Remote Hog

Billy Wilder Speaks
5 N 8:30 tonight
Turner Classic Movies

Who is Billy Wilder, oh dear trendy, young, spiky-haired, sheltered-but-tatted, pierced-as-if-you-fell-face-first-into-a-tackle box Weekly reader? Born Samuel Wilder in what is now Poland (his mother later nicknamed him Billy), he's only one of America's greatest filmmakers, responsible for such classics as Sunset Boulevard, The Apartment, Double Indemnity, The Lost Weekend, The Seven Year Itch and the one that's generally mentioned in the first breath when mentioning Wilder, Some Like It Hot.
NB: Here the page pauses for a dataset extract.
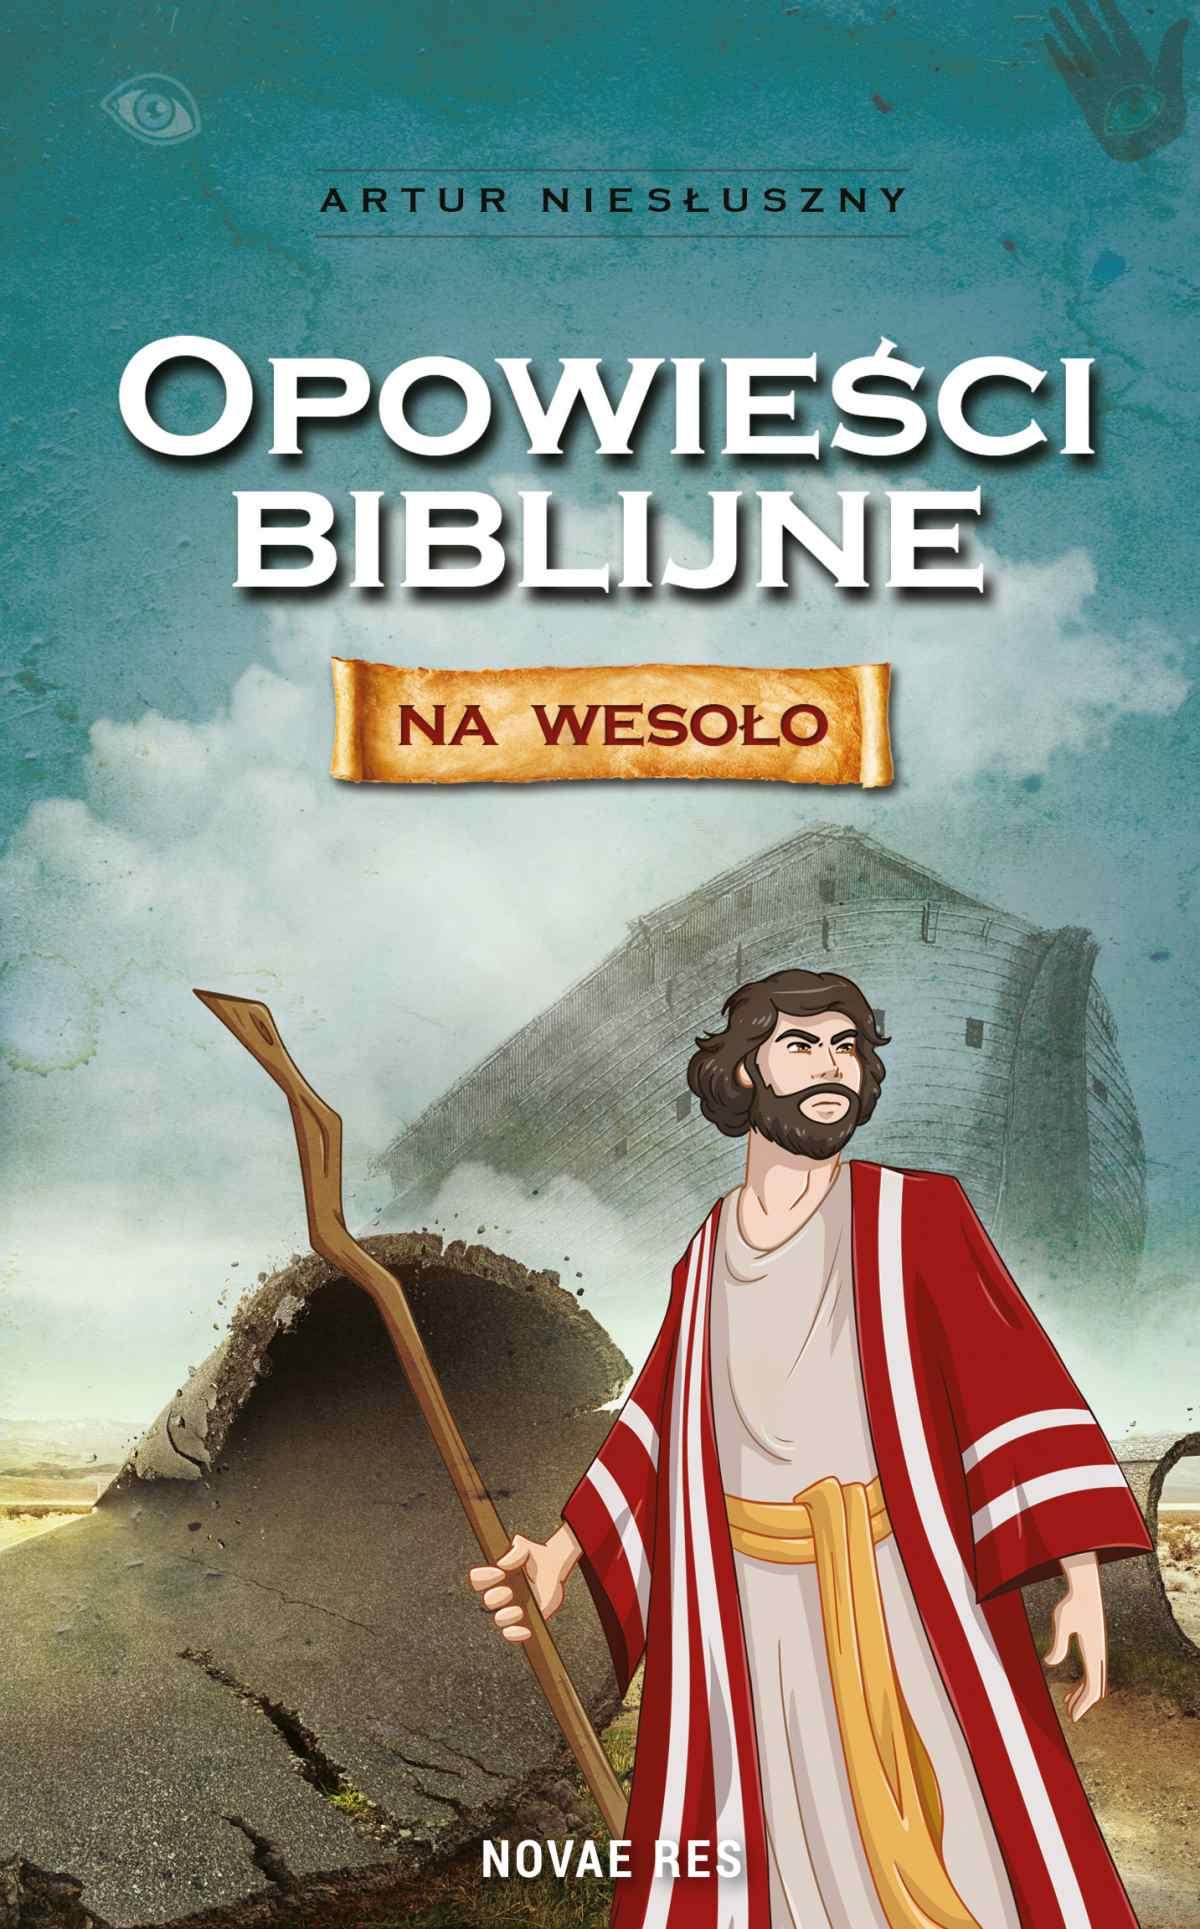 Opowieści biblijne na wesoło - Ebook (Książka EPUB) do pobrania w formacie EPUB
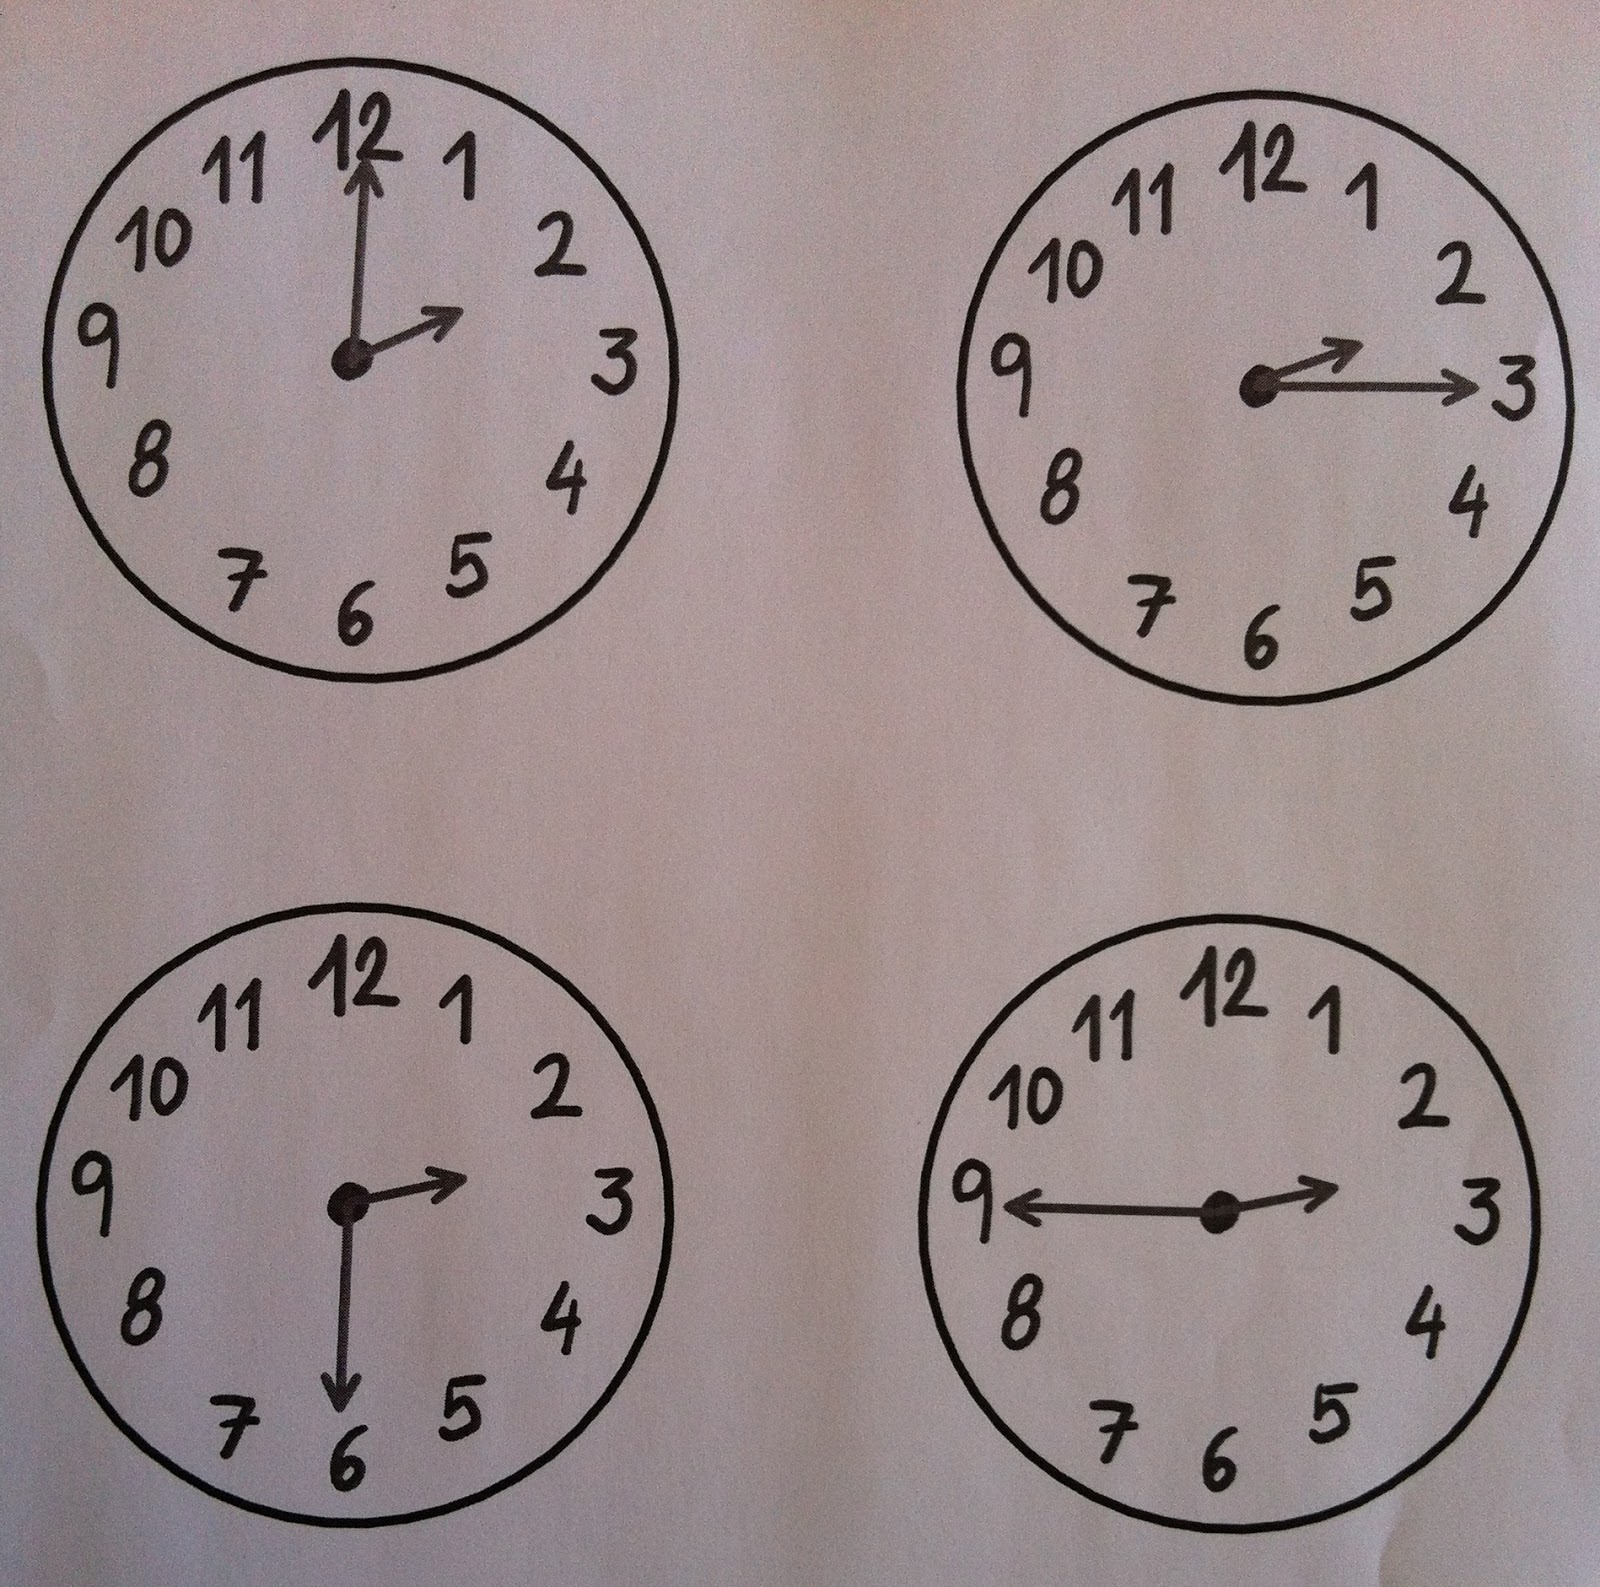 Reloj analogo para colorear imagui - Mecanismo para reloj de pared ...

I thought I'd make it easier on you kiddies by rolling off the titles of Wilder films that were later remade for your generation, but other than the awful musical version of Sunset Boulevard, all that springs to mind is the Harrison Ford version of Sabrina—and none of you (or anyone) saw that. (Cue crickets.) Using archival footage, this documentary follows Wilder from his beginnings as a journalist and screenwriter in Berlin, which—as a Jew—he fled with the rise of the Nazis. (His mother, stepfather and grandmother all died at Auschwitz.) He arrived in Hollywood in 1933, shared an apartment with fellow emigre Peter Lorre and began a new screenwriting career that took off in 1939 with the release of Ninotchka starring Greta Garbo. And the rest is movie history, which you'll get your fill of tonight. In fact, make a night of it by hiding the remote and keeping TCM on for two darker pictures from the director known mostly for light comedies. Double Indemnity, whose 1944 release date makes it among the earliest film noirs, was co-written by Wilder and hard-boiled crime novelist Raymond Chandler. The Lost Weekend, the first American film to seriously dramatize alcoholism, gets what's arguably the best performance given on film by Ray Milland. It won Wilder best director and best adapted screenplay (from the Charles R. Jackson story) Oscars. Double Indemnity is shown at 6:30 and The Lost Weekend at 10. By the time the night is over, you'll know why Gramps keeps saying they don't make movies like they used to.